L’arbitrage : une affaire familiale

Louis et Yann, accompagnés de leur papa, Stéphane Ragoucy, nous ont raconté comment ils se sont pris de passion pour l’arbitrage du rugby.

 Louis, 24 ans, a d’abord débuté par l’arbitrage du judo sur les conseils de sa professeure. Il a alors pu appréhender le sport d’une autre manière, avec un autre regard.  Il est ensuite passé à l’arbitrage du rugby, qui demandait d’autres exigences et d’autres capacités.

« J’y ai découvert l’exigence physique, la concentration et la vitesse de décision requise, la complexité des règles,  la gestion des équipes et des coaches, la rigueur administrative nécessaire »

C’est à cause de sa formation professionnelle de kinésithérapeute que Louis a dû interrompre sa propre carrière de joueur de rugby, ne pouvant pas exercer sous la menace des blessures régulières. Aujourd’hui, arbitre en Fédérale 3, il a pu intégrer le Pôle Excellence du CIFR. L’arbitrage est pour lui devenu une réelle passion, une façon de vivre son sport différemment, sans être un mauvais substitut, l’arbitrage est une pratique à part entière.
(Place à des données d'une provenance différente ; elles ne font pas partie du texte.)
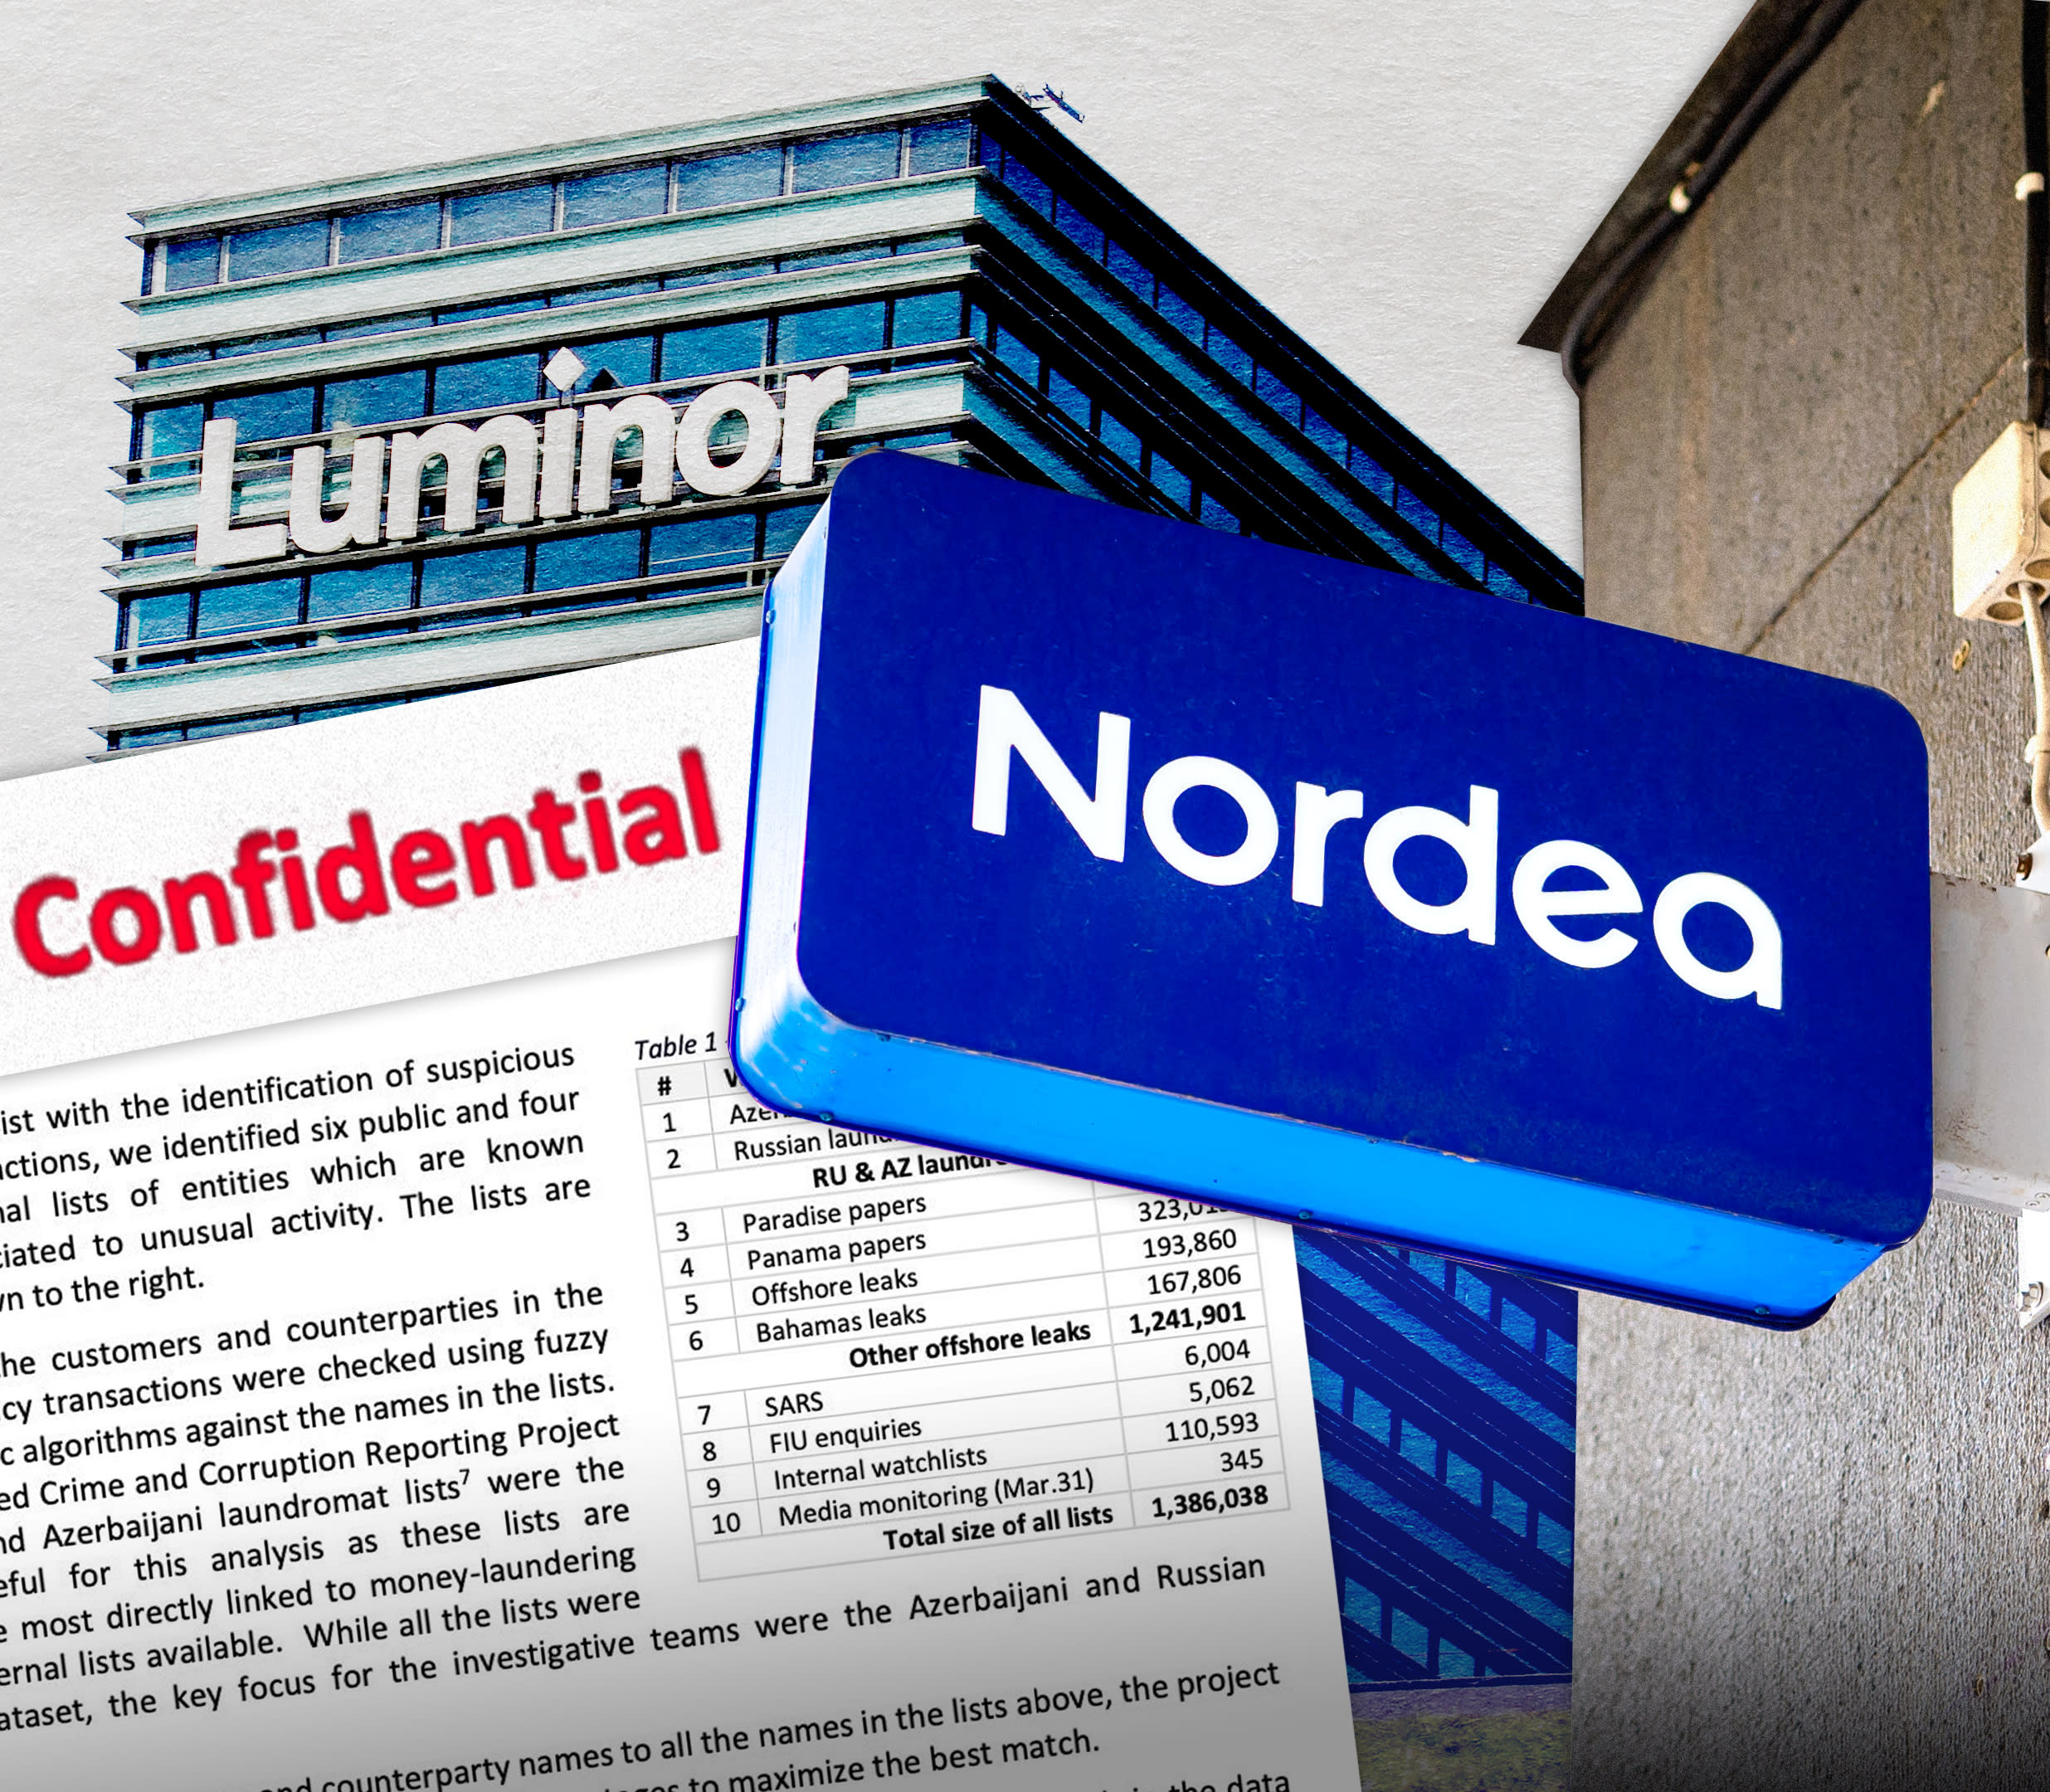 Yle: Eine durchgesickerte Inspektion zeigt, dass Nordea Bedenken hinsichtlich der Geldwäsche ignoriert hat
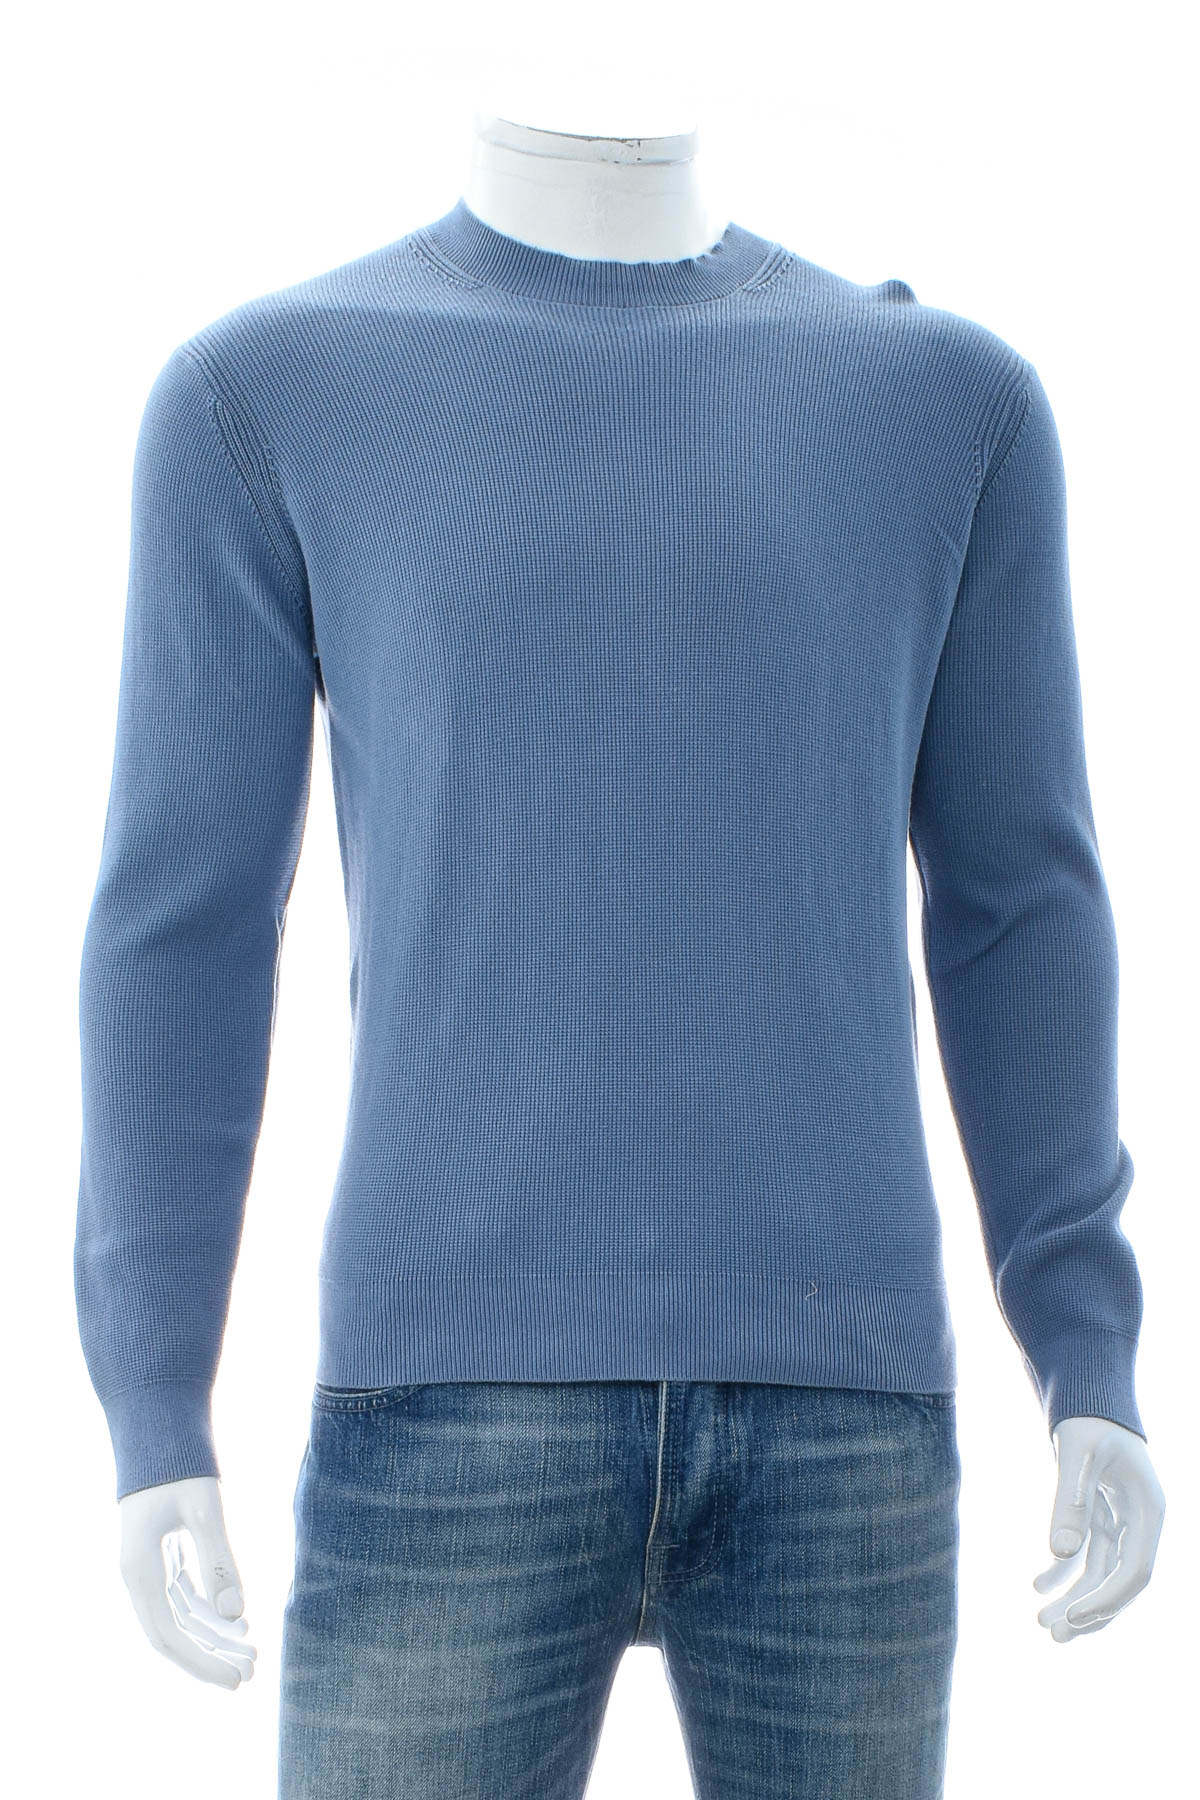 Men's sweater - Massimo Dutti - 0

 Une pratique à laquelle son plus jeune frère, Yann, a lui aussi cédé. Jeune joueur de rugby, il avait une fâcheuse tendance à s’énerver contre les décisions arbitrales qu’il trouvait injustes. Ce qui animait, de toute évidence, des débats familiaux. Il s’est laissé tenter par l’arbitrage en passant la formation « je joue arbitre ». Ayant pris goût à cette pratique à ses 16 ans, il a choisi de passer la formation ACF. « En plus de me faire découvrir le rugby sous un nouvel angle, l’arbitrage m’a permis de progresser en tant que joueur, tant sur le jeu que sur la maturité. »

 Et c’est leur papa, Stéphane, qui explique le mieux leurs relations de frères arbitres.

« Ils en tirent un mélange de rivalité et de complicité. Beaucoup de partage et d’échanges quand l’un va voir l’autre arbitrer, quand l’aîné coach le cadet. » 

 C’est une fierté pour le papa de pouvoir voir ses deux fils s’épanouir grâce au rugby. Il concluait de la façon suivante :

« Et si je ne crois pas que j’aurais l’occasion de voir mes deux fils jouer ensemble, un match de rugby en compétition, j’espère bien les retrouver tous les deux arbitres d’un même match officiel. Si ce jour-là, leur coopération est aussi animée que leurs discussions devant les matchs professionnels,  je connais des joueurs qui vont être surpris. Je suis vraiment très fier de leur engagement arbitral … et puis, sans arbitre … pas de match ! »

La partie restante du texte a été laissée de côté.